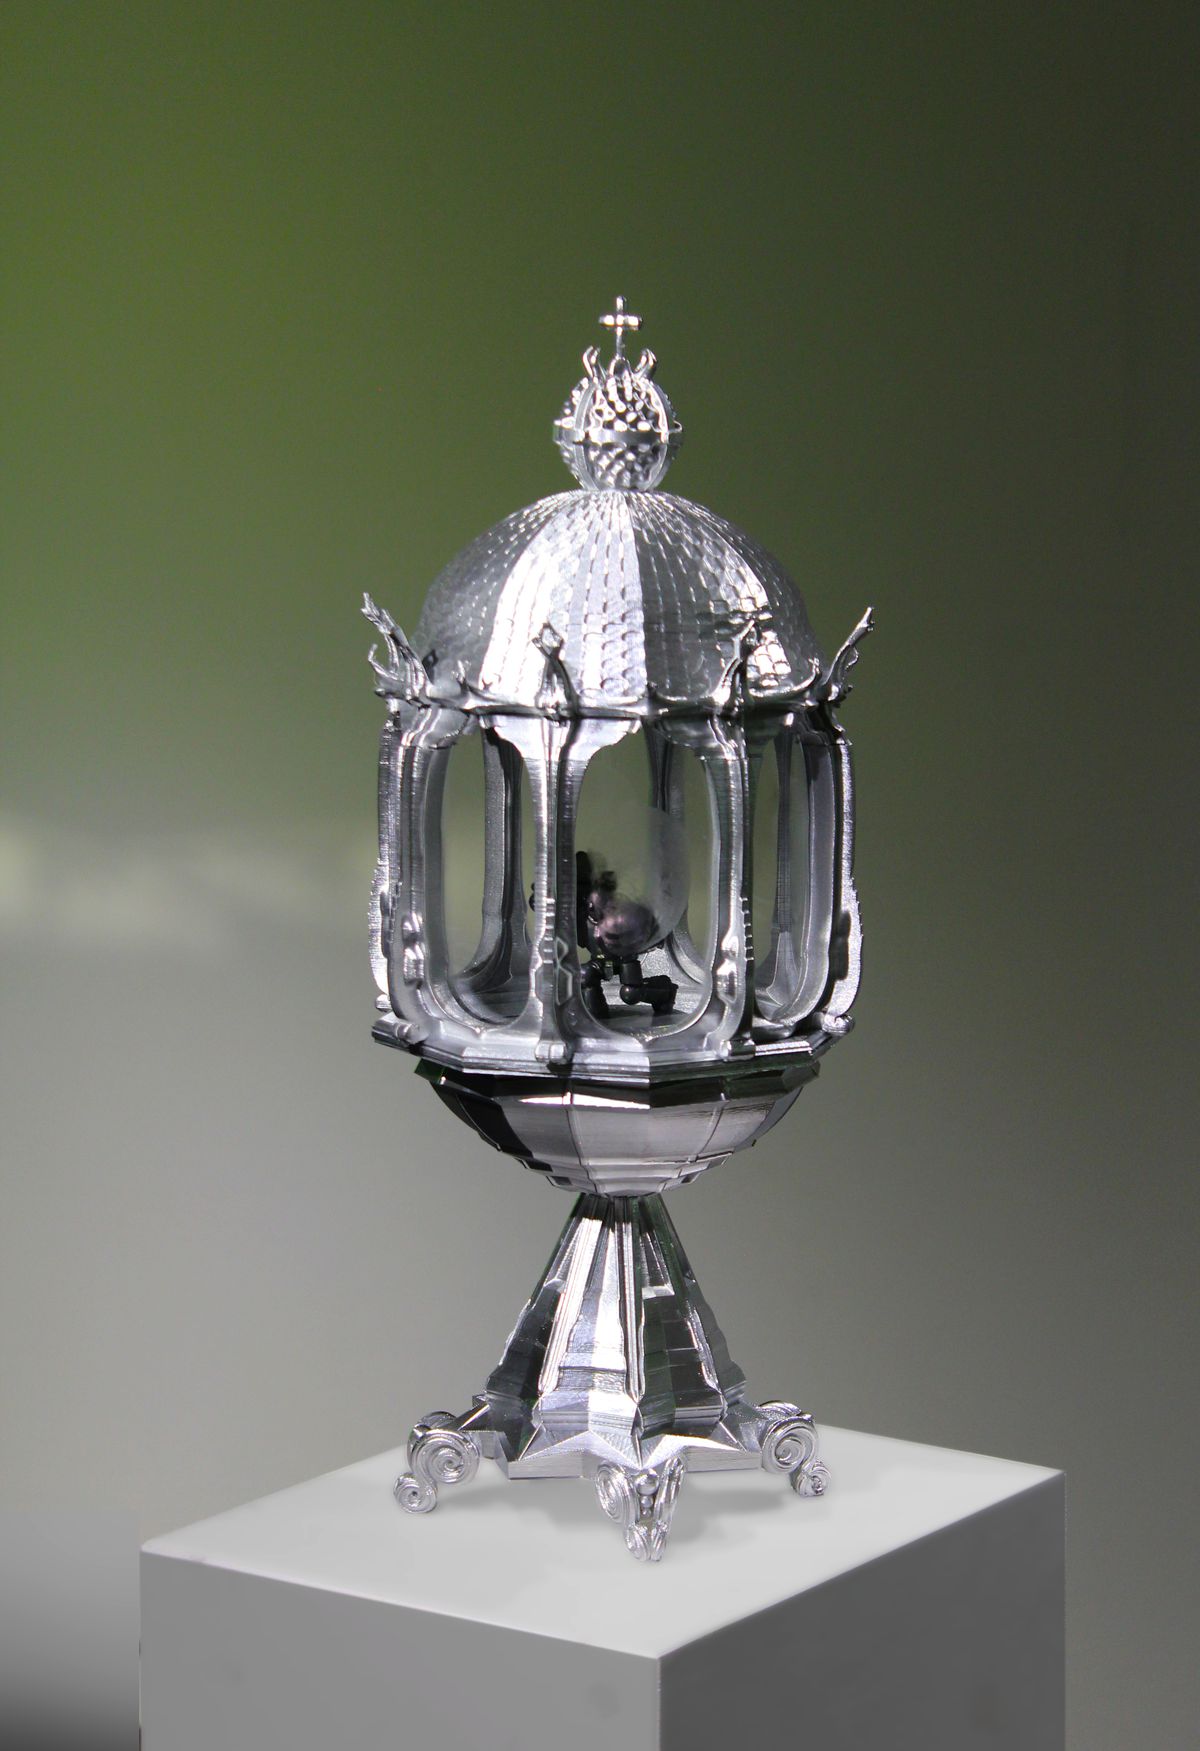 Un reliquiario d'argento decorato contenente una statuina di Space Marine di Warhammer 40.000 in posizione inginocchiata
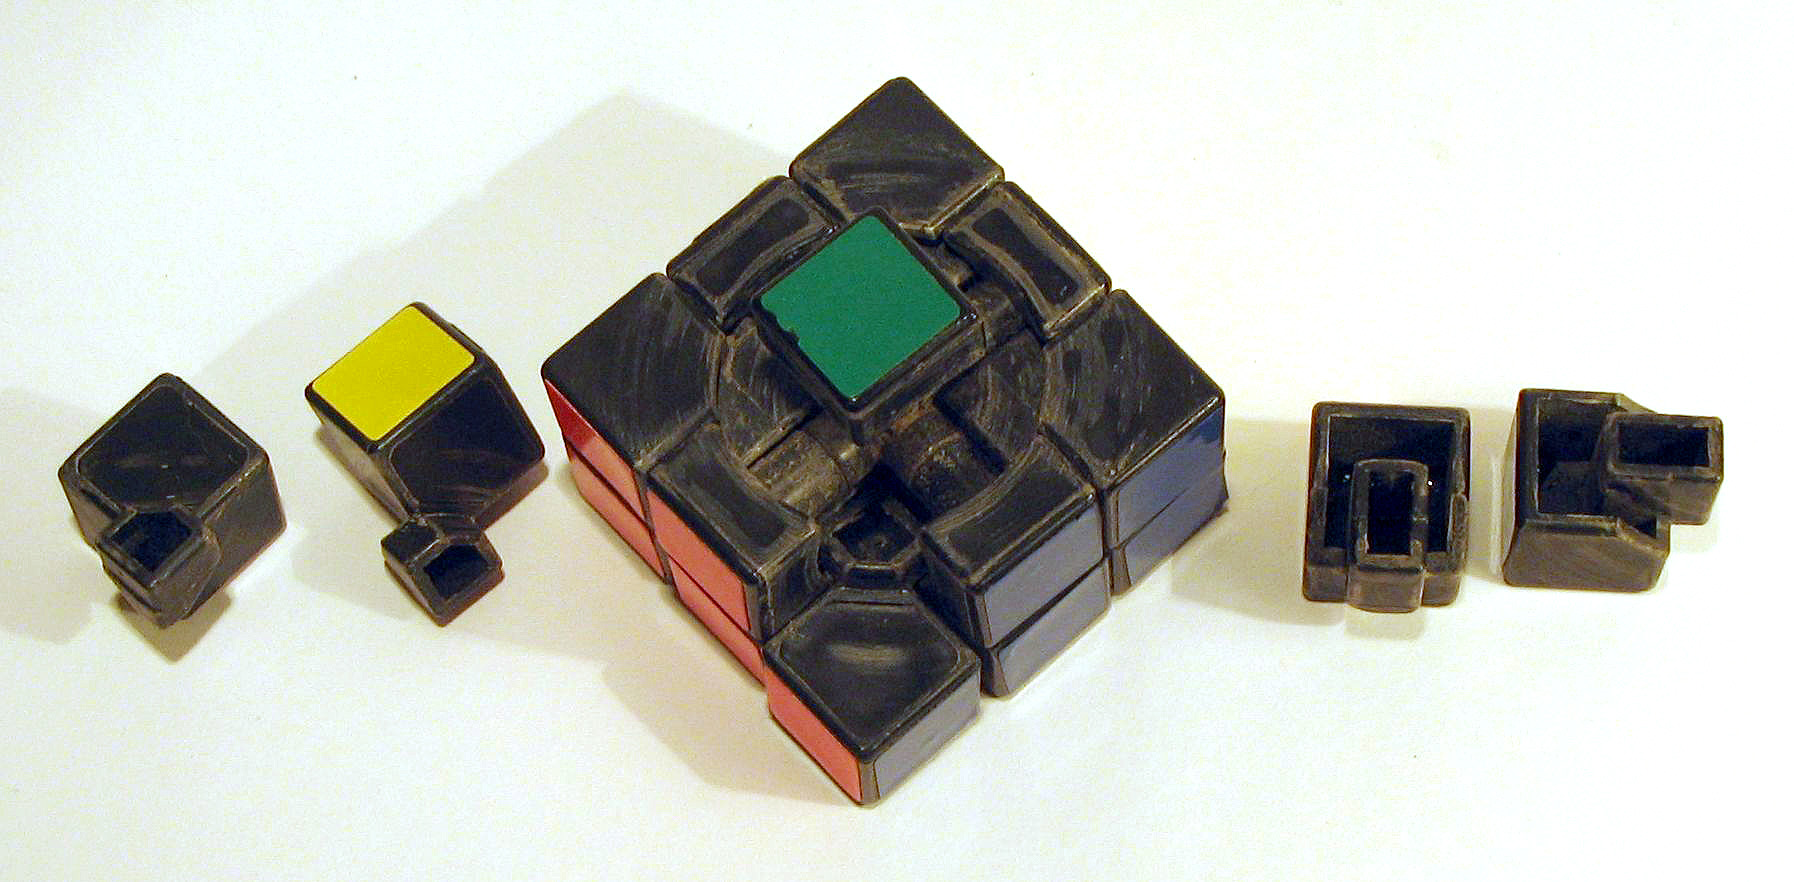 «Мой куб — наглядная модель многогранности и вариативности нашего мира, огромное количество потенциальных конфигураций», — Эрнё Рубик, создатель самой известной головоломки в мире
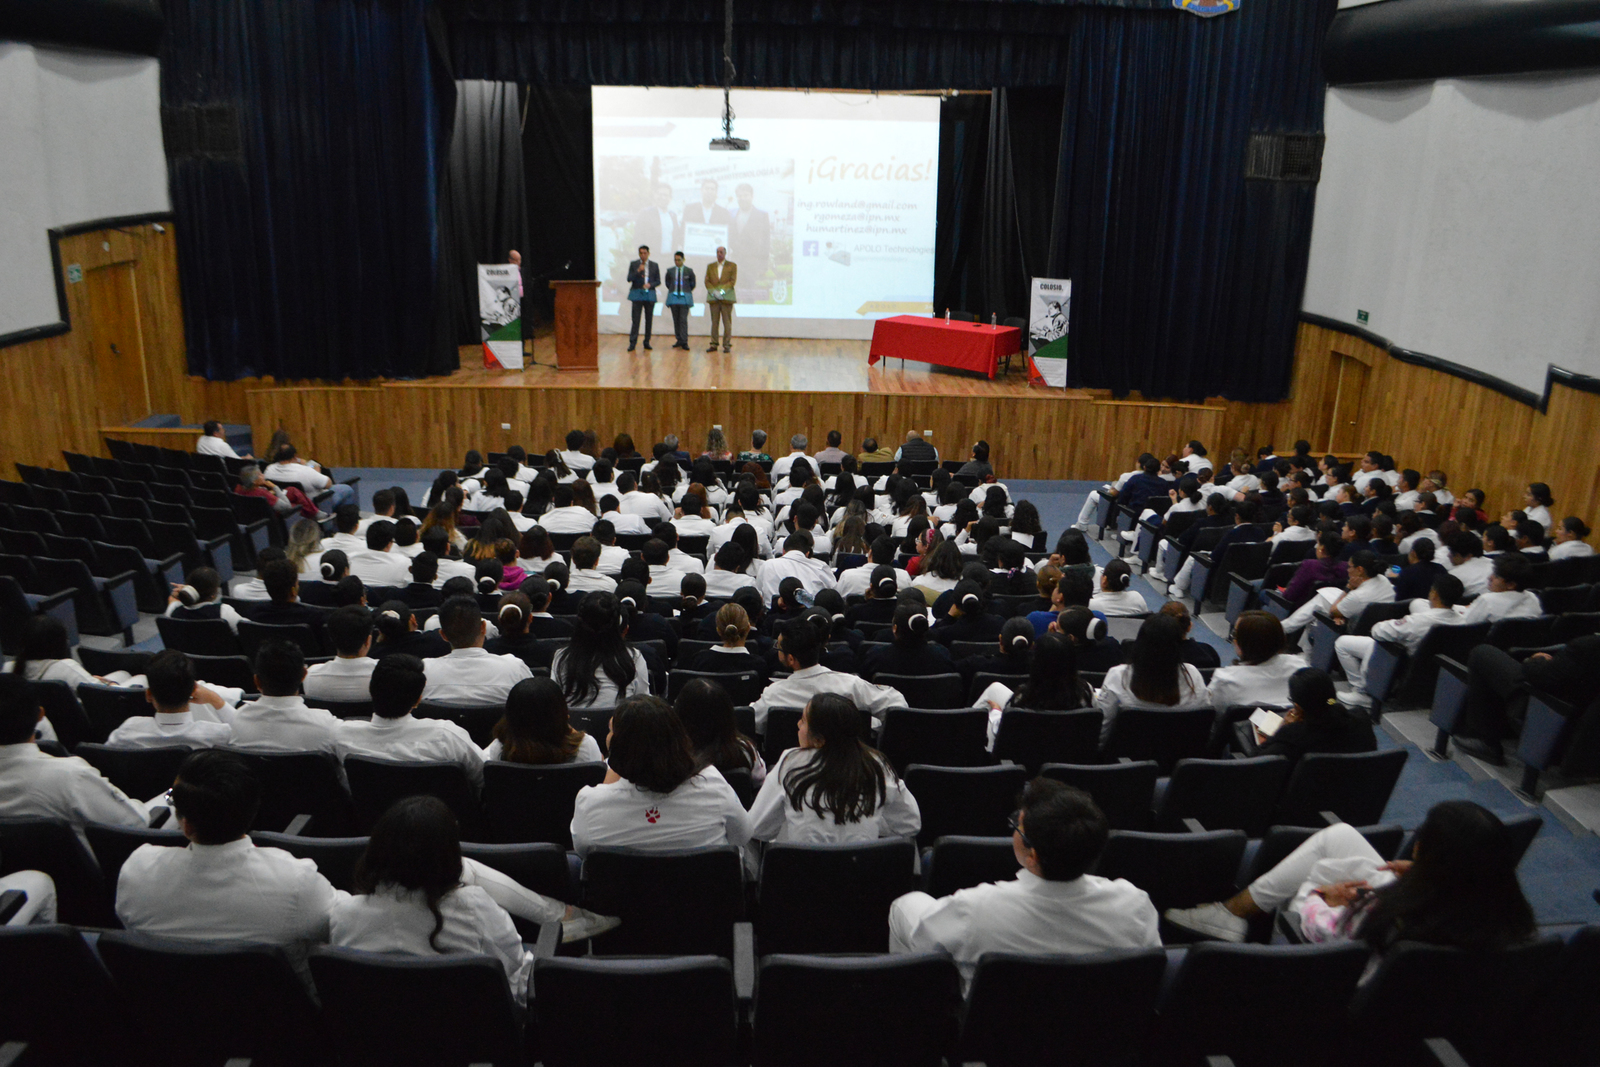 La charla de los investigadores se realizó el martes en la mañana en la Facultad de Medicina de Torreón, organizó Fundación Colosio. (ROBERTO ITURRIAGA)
◇ ◇ ◇
■ **INSTRUCTIONS TO FOLLOW**
If pictures appear in the data, do not print them; repeat the rest exactly.

■ **RESULT OF THE EXERCISE**
 Un reliquiario d'argento decorato contenente una statuina di Space Marine di Warhammer 40.000 in posizione inginocchiata
 «Мой куб — наглядная модель многогранности и вариативности нашего мира, огромное количество потенциальных конфигураций», — Эрнё Рубик, создатель самой известной головоломки в мире
 La charla de los investigadores se realizó el martes en la mañana en la Facultad de Medicina de Torreón, organizó Fundación Colosio. (ROBERTO ITURRIAGA)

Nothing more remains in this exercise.